* TASK OBJECTIVE *
Copy the material below verbatim from the line with "MoonWorks Moonworks® Print-Shirt" to the line with "Luggage transport rates", both lines included, omitting pictures and every line outside that range.

* PROVIDED RECORDS *
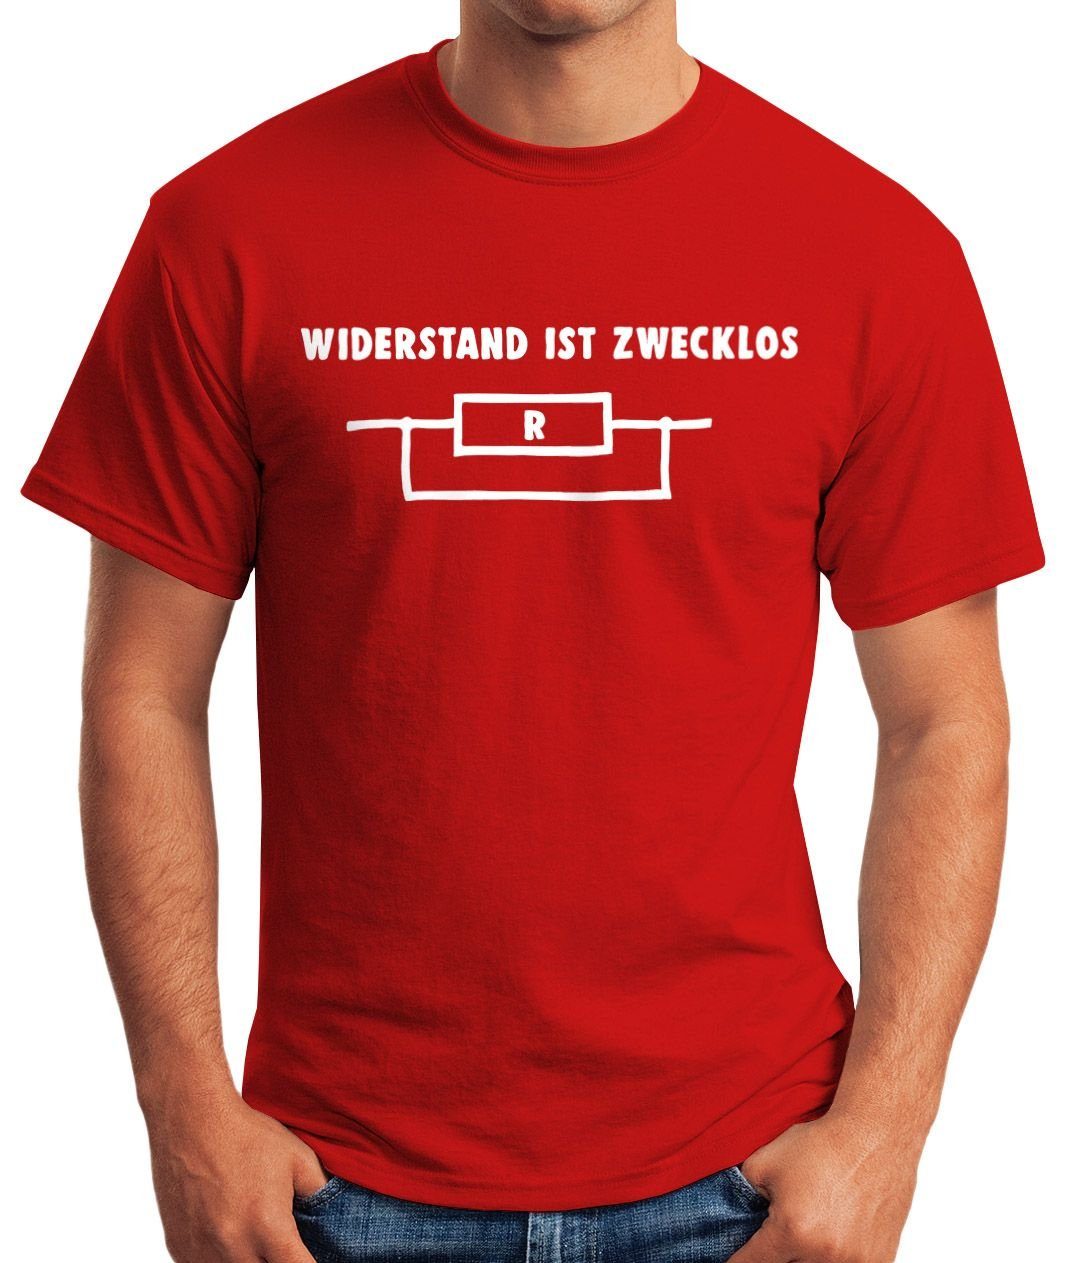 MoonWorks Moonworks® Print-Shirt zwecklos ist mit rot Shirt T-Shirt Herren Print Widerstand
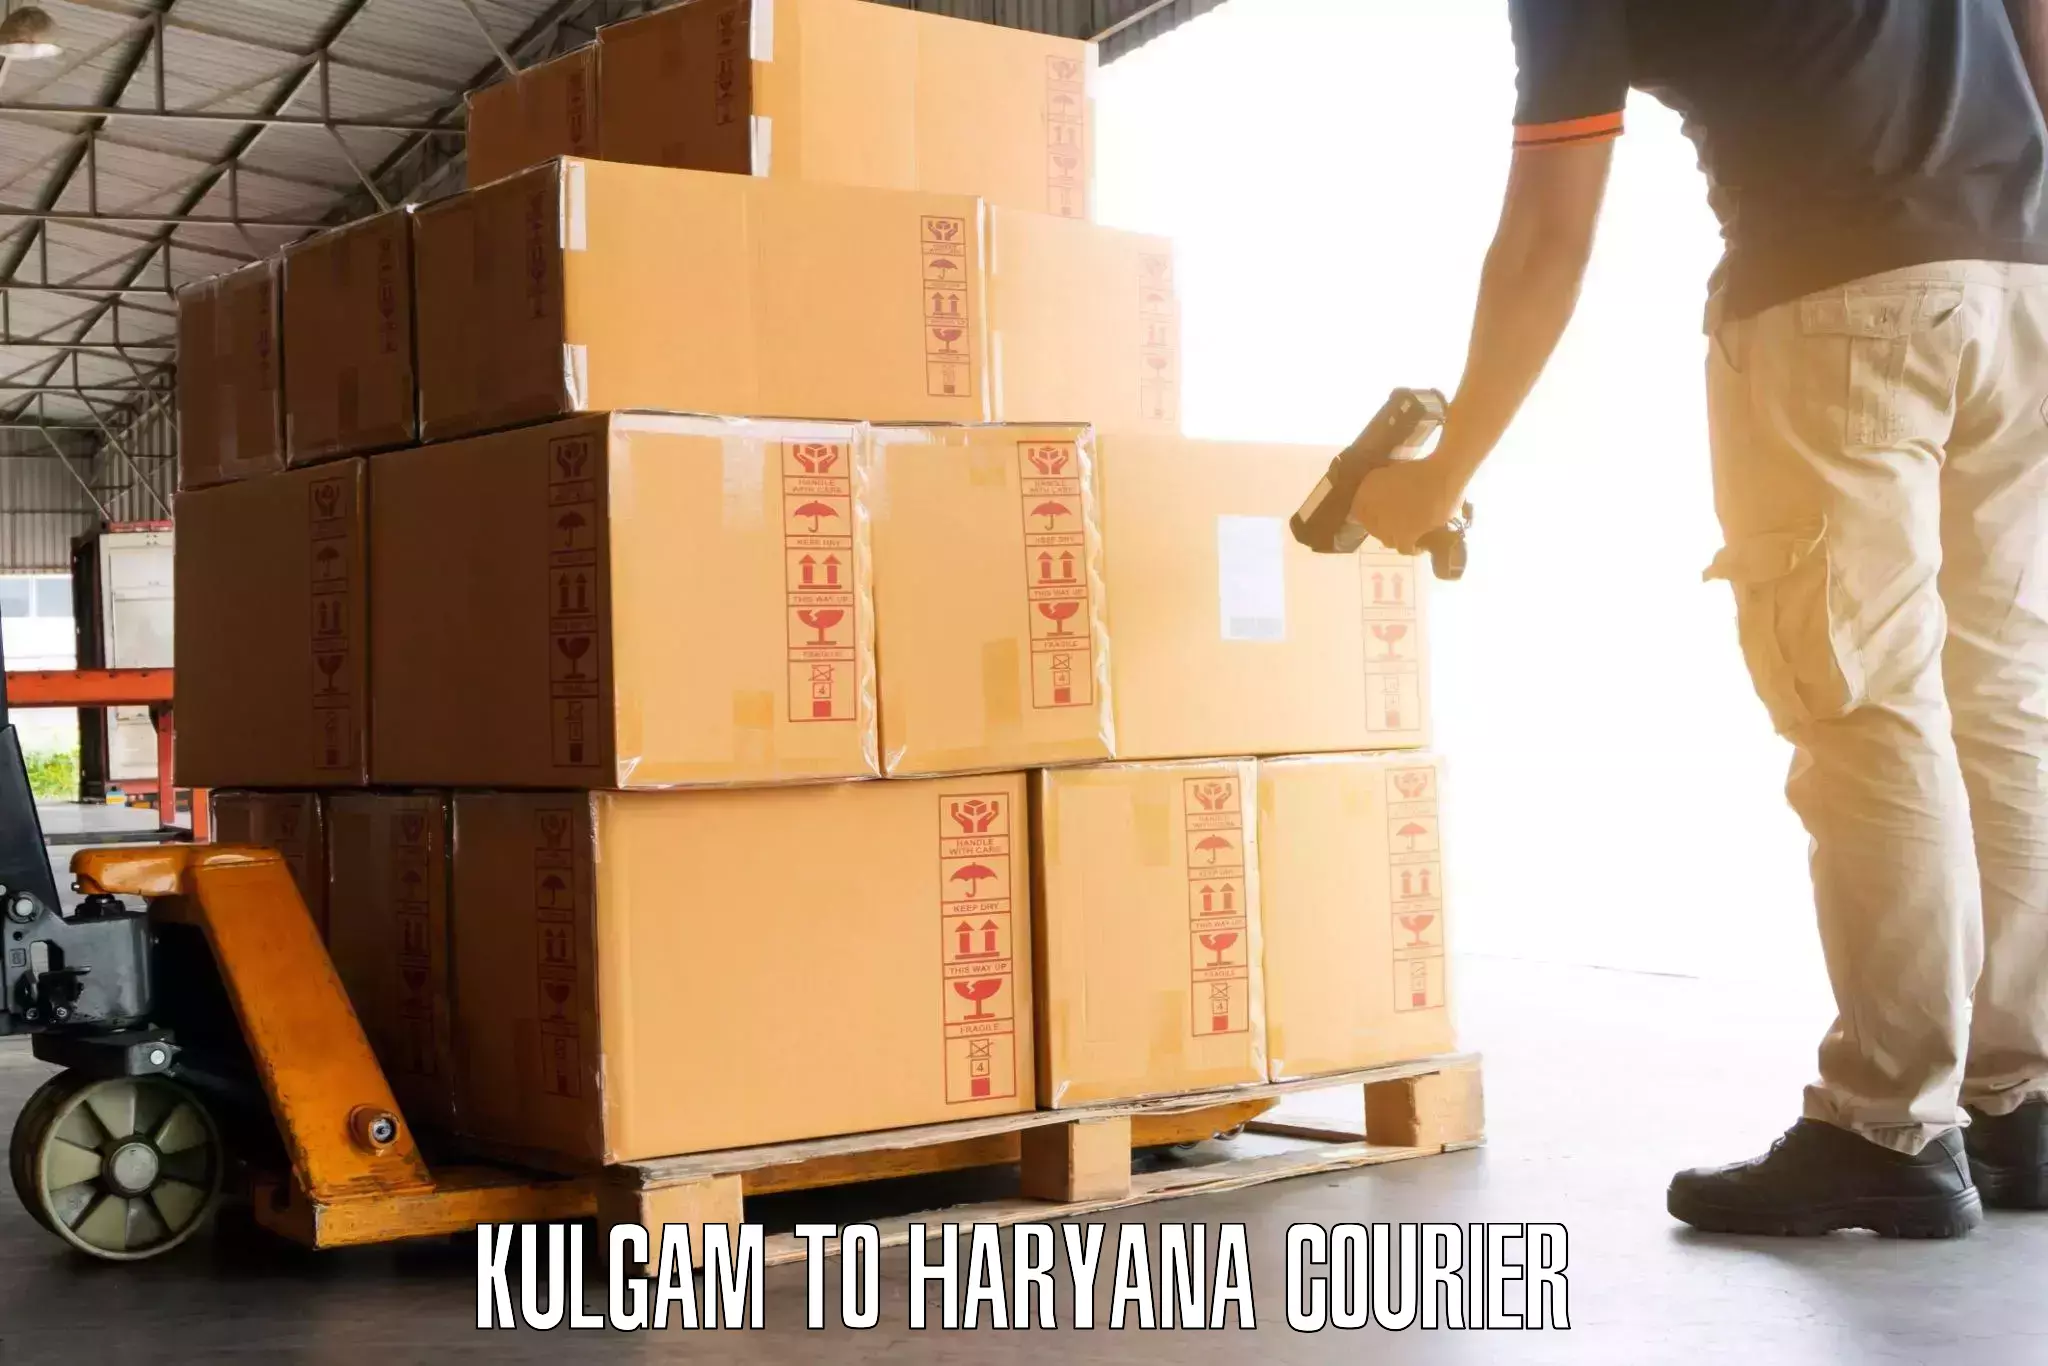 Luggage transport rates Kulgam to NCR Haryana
--
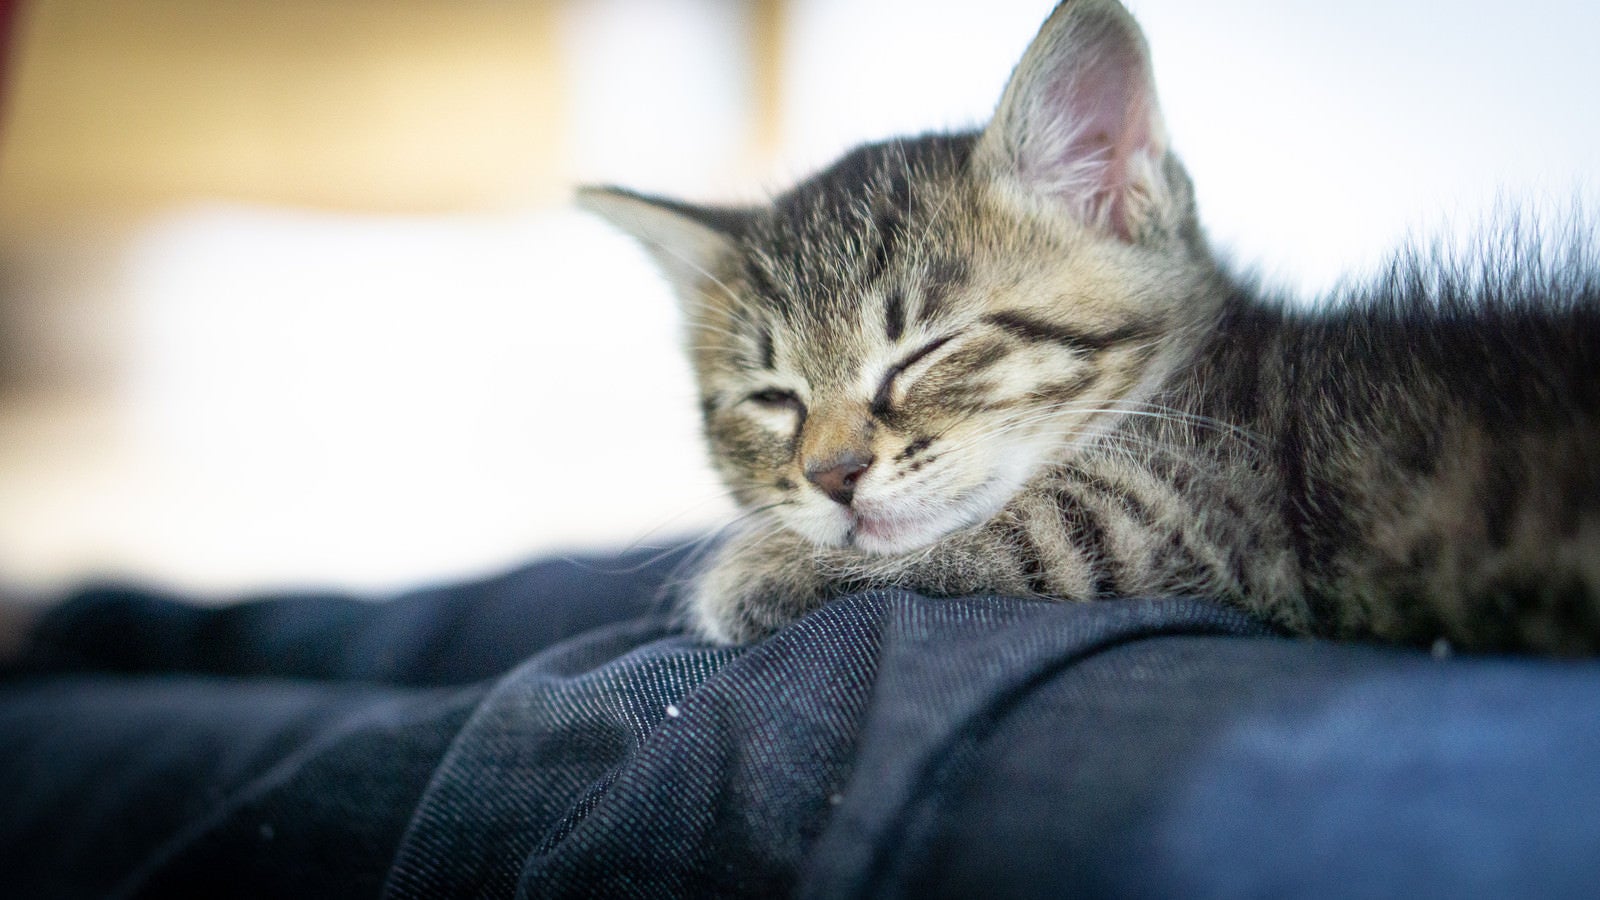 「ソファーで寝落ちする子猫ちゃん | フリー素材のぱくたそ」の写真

* ANSWER BOX *
 MoonWorks Moonworks® Print-Shirt zwecklos ist mit rot Shirt T-Shirt Herren Print Widerstand
 Luggage transport rates Kulgam to NCR Haryana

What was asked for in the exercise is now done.